August 8, 2011
Buying a home with an FHA insured mortgage is an important investment, and many borrowers at the start of their journey not knowing whether they are ready for their entry into home ownership.
We’ve said time and again that the best course of action is to take the advice of financial experts who recommend preparing at least a year before making a full commitment to buy a home. But why is that recommended?
Some first time home buyers don’t understand the expenses connected to purchasing a home. The down payment required on FHA loans–3.5%– is the lowest you’re likely to find compared to conventional loans which often require 10% down or more. That down payment is only one of the expenses. There are closing costs, appraisal fees, and optional money-saving features like discount points.

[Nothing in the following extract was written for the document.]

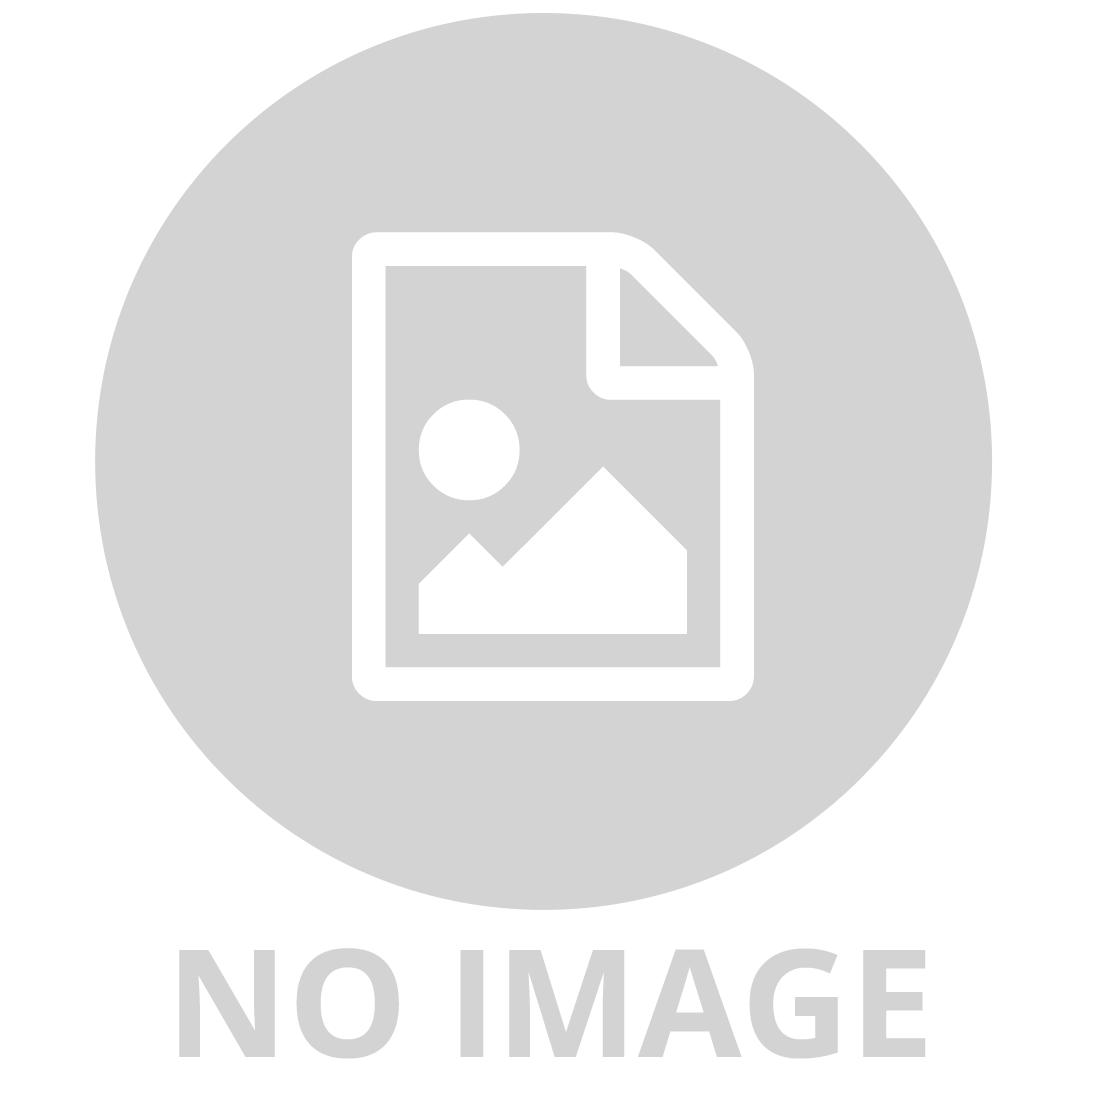 RAVENSBURGER MAGICAL FAIRY NIGHT 100PCE JIGSAW PUZZLE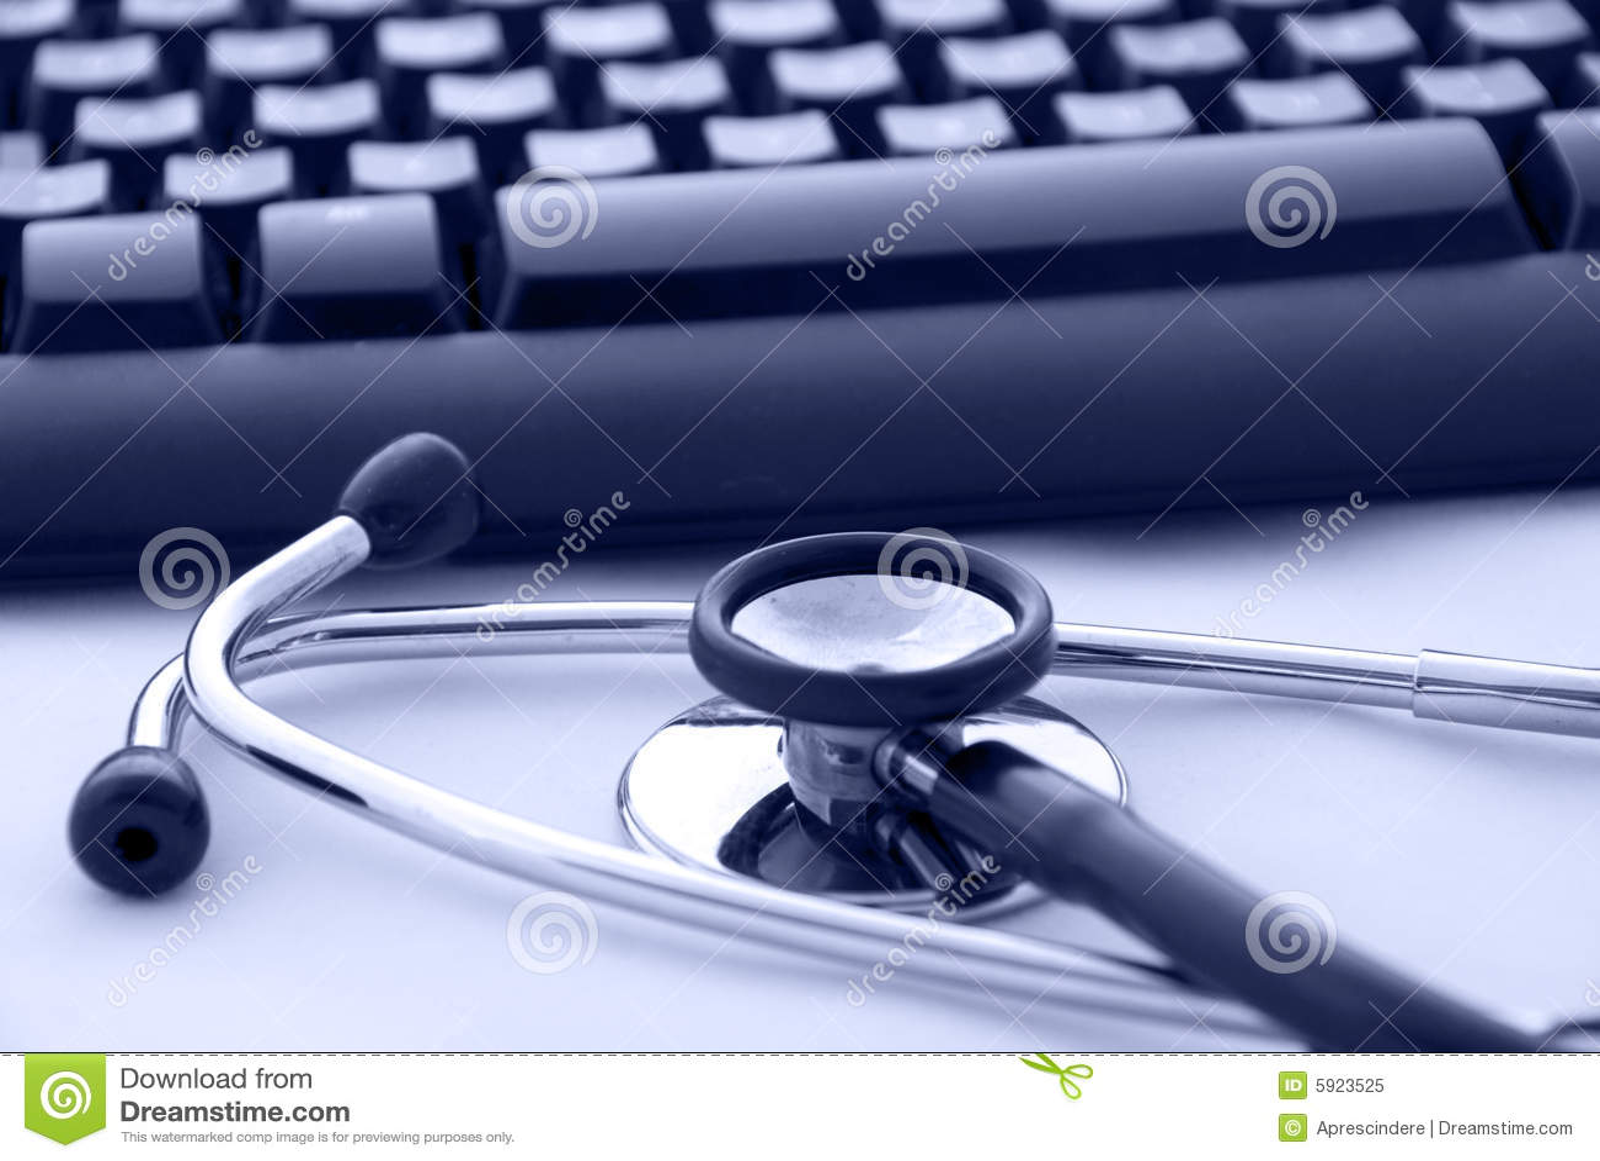 Klawiatury komputerowej stetoskop

In light of these expenses, it becomes more obvious why an FHA loan applicant should make a budget and start saving money at least 12 months in advance. Another reason to start preparing early? Learning how much available income may be needed to make a house payment. There are many online mortgage calculators that can help a borrower learn the true state of their finances and how much is needed to afford an FHA mortgage.
The Ginnie Mae page has a simple mortgage calculator that can help. It asks for your gross income, the total of your monthly credit card bills, car payment, and other monthly obligations.
Doing the math with a mortgage calculator can show you how much of your current debt you may need to trim before applying for an FHA mortgage loan. Can you afford a mortgage payment at your current level of financial commitment?
Could you change your debt levels over the coming year to make an FHA mortgage affordable? These are important questions that you can answer in the earliest stages of your path to owning a home–those answers can help you decide what to do next. Whether you need to work on lowering monthly obligations or simply begin saving for the down payment, doing the math as early as possible is a big help.